Task objective: Reproduce the following records exactly from the line containing "Avengers: Endgame 4K" onward, ending with the last line and including it.

The input:
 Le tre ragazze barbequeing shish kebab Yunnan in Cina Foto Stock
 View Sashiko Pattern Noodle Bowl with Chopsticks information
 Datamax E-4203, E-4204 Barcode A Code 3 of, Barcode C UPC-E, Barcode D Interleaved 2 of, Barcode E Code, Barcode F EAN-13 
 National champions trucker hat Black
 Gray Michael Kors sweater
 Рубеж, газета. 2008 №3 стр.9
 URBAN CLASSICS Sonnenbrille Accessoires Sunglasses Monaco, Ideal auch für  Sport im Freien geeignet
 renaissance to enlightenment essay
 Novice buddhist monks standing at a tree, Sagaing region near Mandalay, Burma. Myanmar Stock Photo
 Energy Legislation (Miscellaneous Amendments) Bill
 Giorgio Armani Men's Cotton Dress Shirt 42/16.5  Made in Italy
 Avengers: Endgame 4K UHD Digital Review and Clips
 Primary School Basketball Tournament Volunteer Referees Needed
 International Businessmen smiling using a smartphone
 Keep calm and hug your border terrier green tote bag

Exercise response:
 Avengers: Endgame 4K UHD Digital Review and Clips
 Primary School Basketball Tournament Volunteer Referees Needed
 International Businessmen smiling using a smartphone
 Keep calm and hug your border terrier green tote bag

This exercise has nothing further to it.